Length of Treatment:

You may continue the study therapy for as long as the doctor thinks it is in your best
interest. You will no longer be able to take the study therapy if the disease gets worse, if
intolerable side effects occur, or if you are unable to follow study directions.

Your active participation on the study will be over after the last visit. The study staff
will continue checking your medical record from then on to see how you are doing.

This is an investigational study. Propranolol is FDA approved and commercially available to
treat certain heart and blood pressure problems, anxiety, migraines, and tremors. Its use in
this study is investigational.

Up to 20 participants will be enrolled in this multicenter study. Up to 5 will be enrolled at
the Harris Health System. Up to 10 will be enrolled at MD Anderson.

Inclusion Criteria:

1. Proven recurrent cervical cancer of any histology not eligible for curative
radiotherapy or surgery.

2. Failed chemotherapy for first recurrence (excluding chemotherapy with concurrent
irradiation) or refractory to first line systemic therapy.

3. Measurable or non-measurable disease

4. Unlimited prior therapies

Exclusion Criteria:

1. Patients whose disease may be cured by surgery or radiotherapy.

2. Contraindication to use of a beta-blocker.(uncontrolled DM, COPD-unstable, Bradycardia
<50 BPM)

3. Already receiving a beta-blocker.

4. Performance status >3. Must have had treatment for first line recurrence

5. Prior radiation therapy for localized cancer of the breast, head and neck, or skin is
permitted provided that it was completed more than 3 years prior to registration, and
the patient remains free of recurrent or metastatic disease.

6. With the exception of non-melanoma skin cancer and other specific malignancies as
noted above, patients with other invasive malignancies who had (or have) any evidence
of the other cancer present within the last five years or whose previous cancer
treatment contraindicates this protocol therapy are excluded.

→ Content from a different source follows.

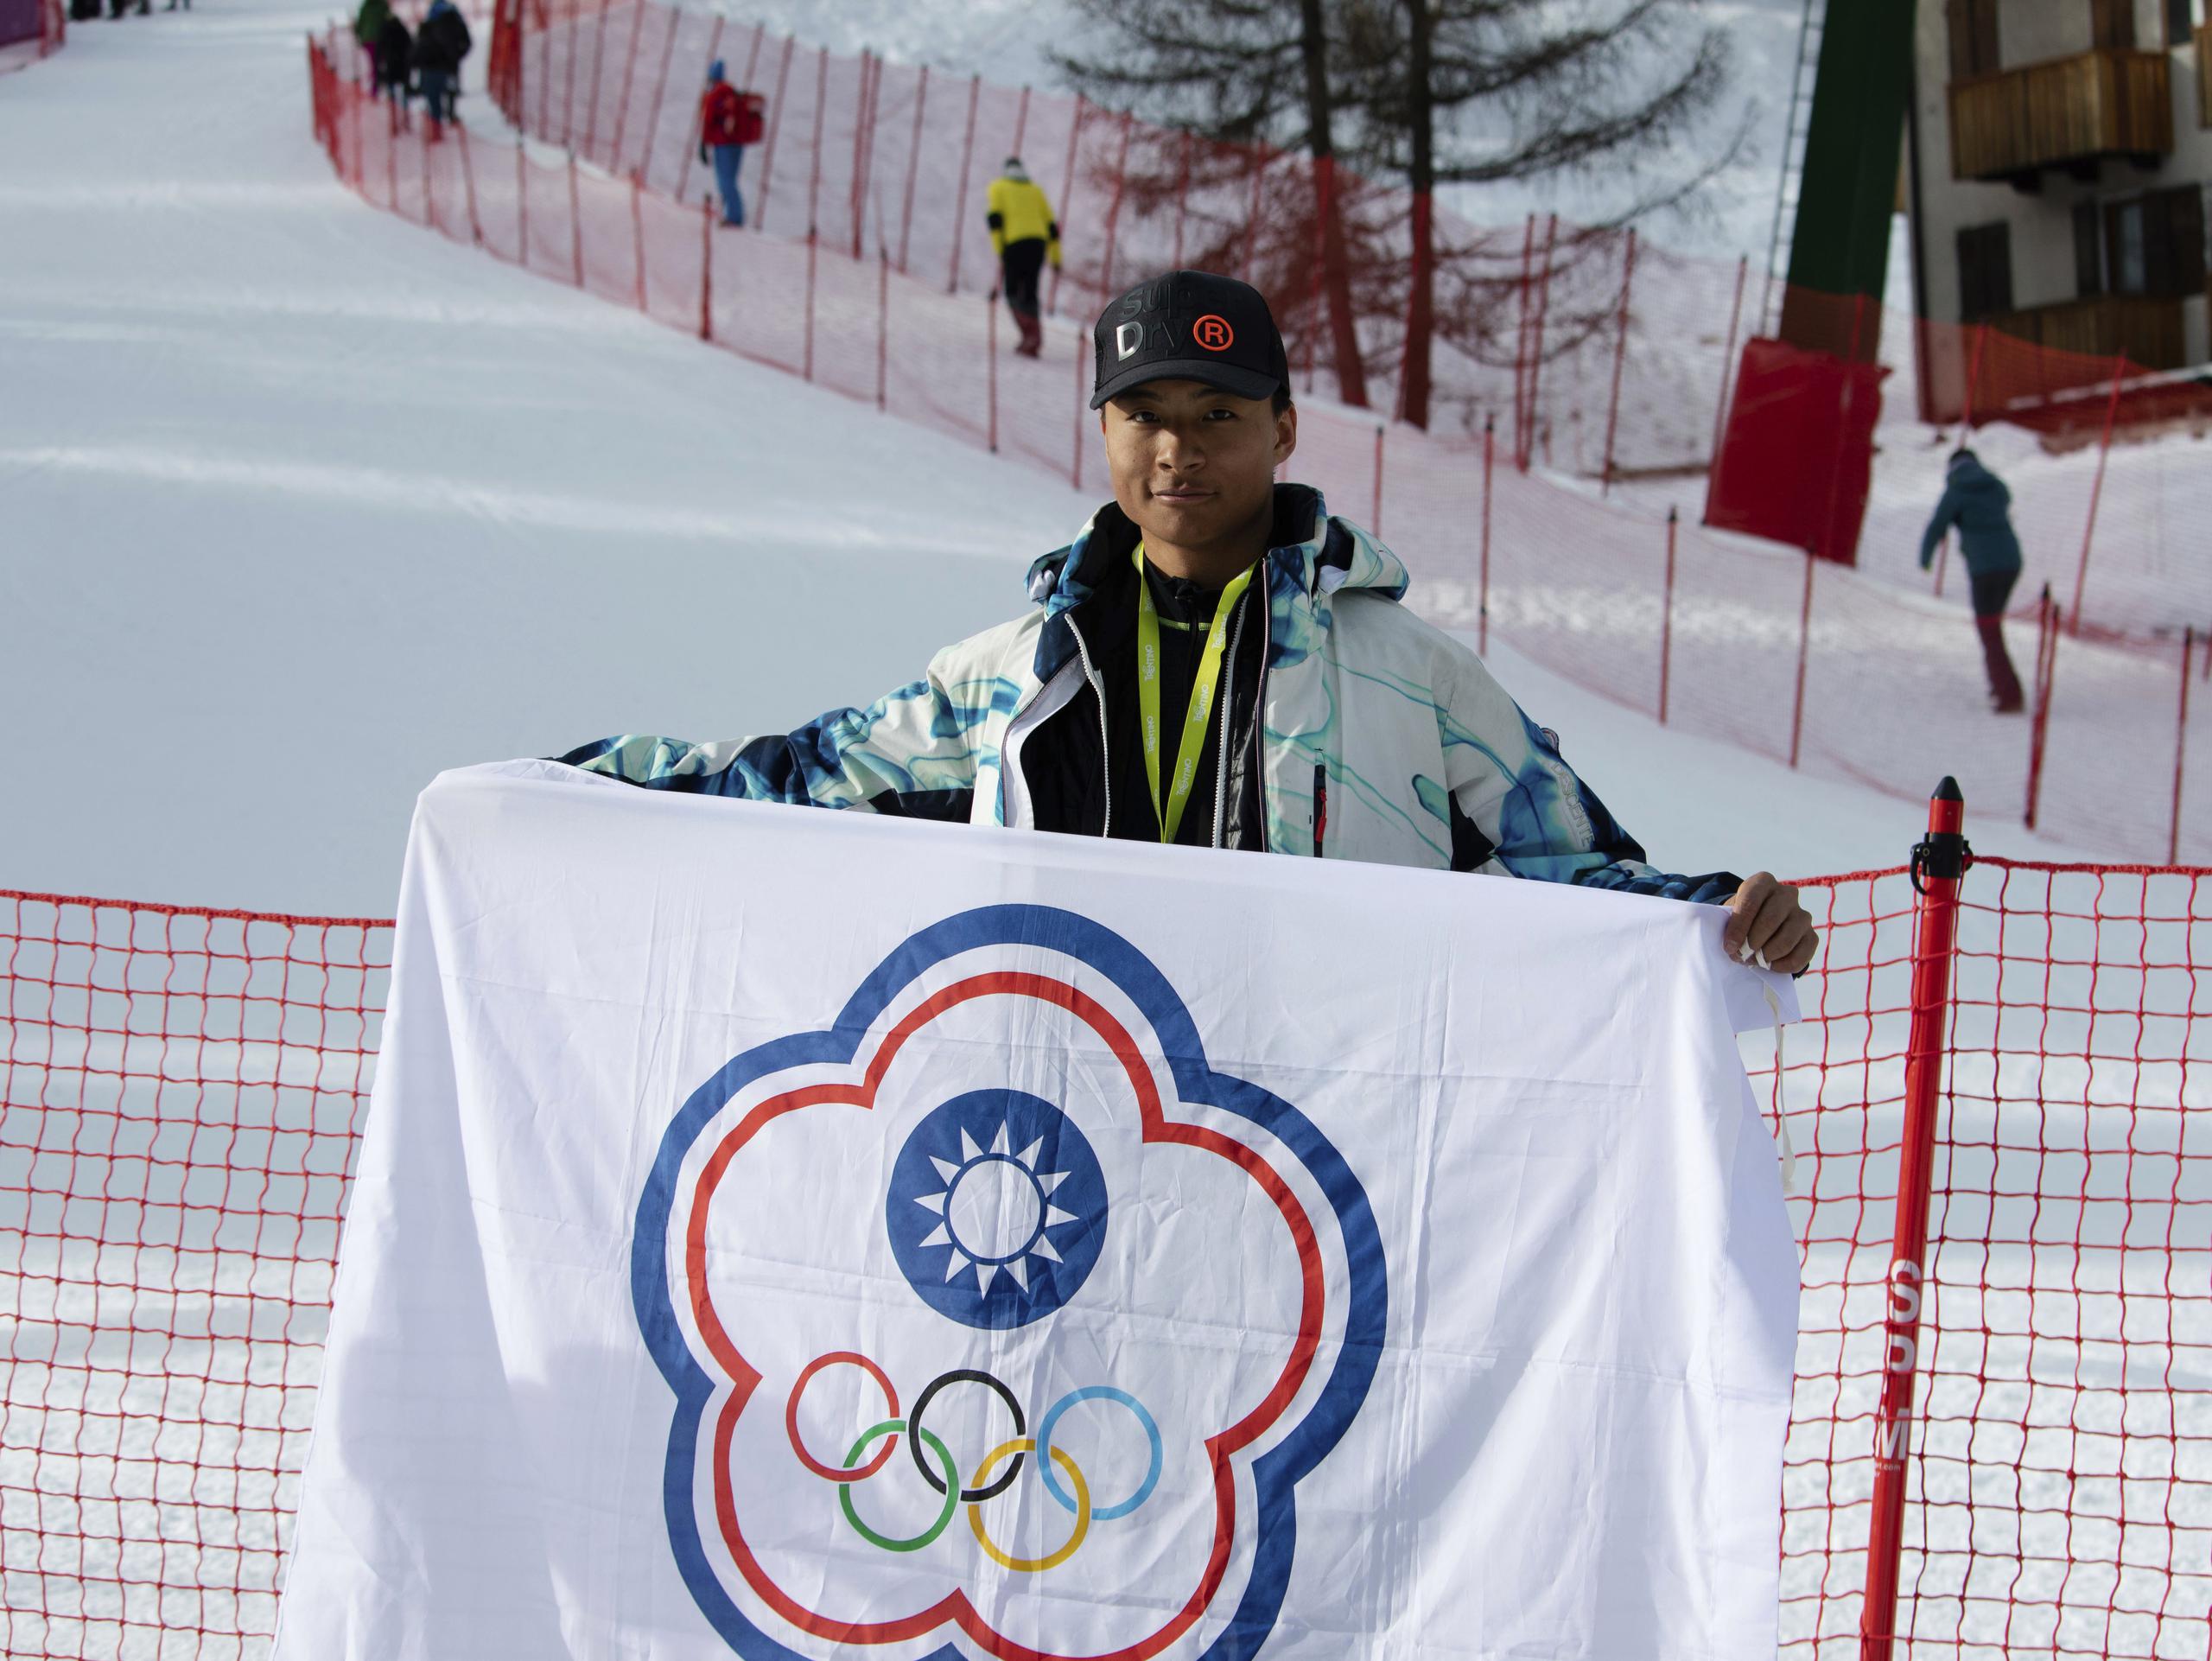 En esta foto proporcionada por Szollos Peter, el esquiador Ray Ho sostiene una bandera creada para representar a Taipéi China —el nombre bajo el cual Taiwán compite en competencias deportivas internacionales—, el 26 de febrero de 2019, en Italia.

7. Use of systemic glucocorticoids such as Prednisone or Decadron in the last month for
greater than one week

8. Inability to accurately answer questions (e.g. dementia, brain metastases) or speak
English or Spanish.

9. Cirrhosis of the liver

10. Patients under the age of 18

11. History of comorbid conditions: Addison's disease, autoimmune hepatitis, hepatitis B,
hepatitis C, AIDS or HIV, lupus erythematosus, mixed connective tissue disease,
rheumatoid arthritis.

12. Hypersensitivity to propranolol, or beta-blockers

13. Uncompensated congestive heart failure

14. Cardiogenic shock

15. Severe sinus bradycardia; heart block, second or third degree or sick sinus syndrome
(if no artificial pacemaker present)

16. Severe hyperactive airway disease (chronic obstructive pulmonary disease, asthma)

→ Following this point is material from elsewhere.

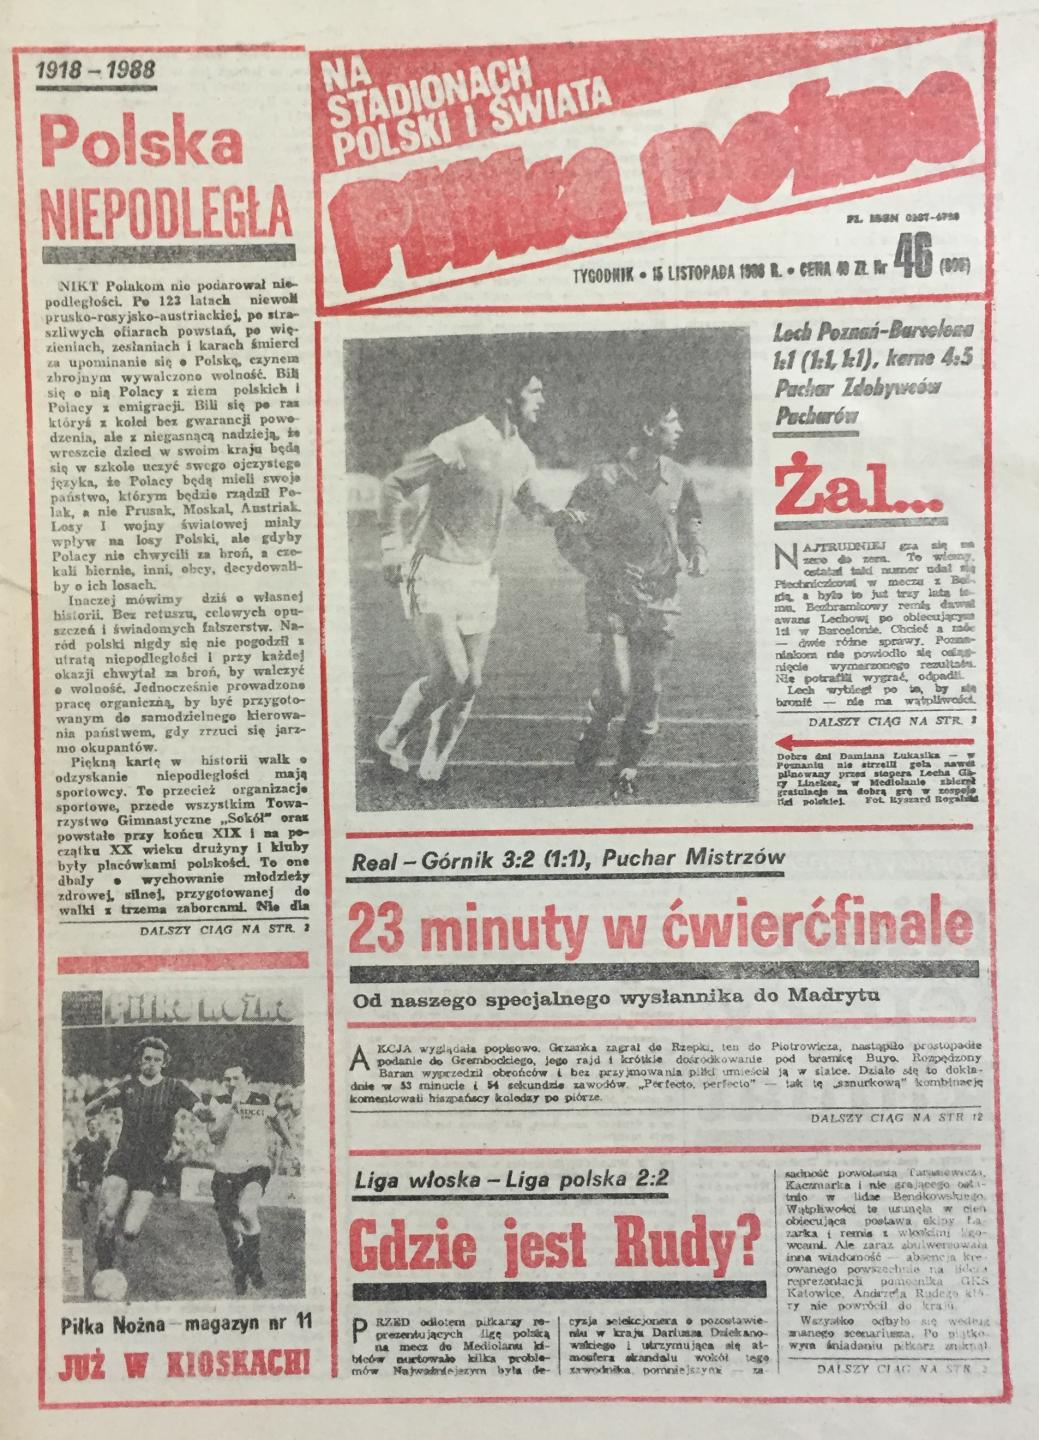 Piłka Nożna po Lech Poznań - FC Barcelona 1:1 (09.11.1988) 1

17. Any patients on Avastin or any other anti-angiogenic drugs.

18. Patients with brittle diabetes mellitus (DM). Brittle diabetes mellitus is a type of
diabetes when a person's blood glucose (sugar) level often swings quickly from high to
low and from low to high. Also called "unstable diabetes" or "labile diabetes."

19. Patients participating in or who plan to participate in other treatment trials during
the course of this study.

20. Patients actively using cocaine

21. Cannot be receiving any other active neoplastic treatment during 4 months of study.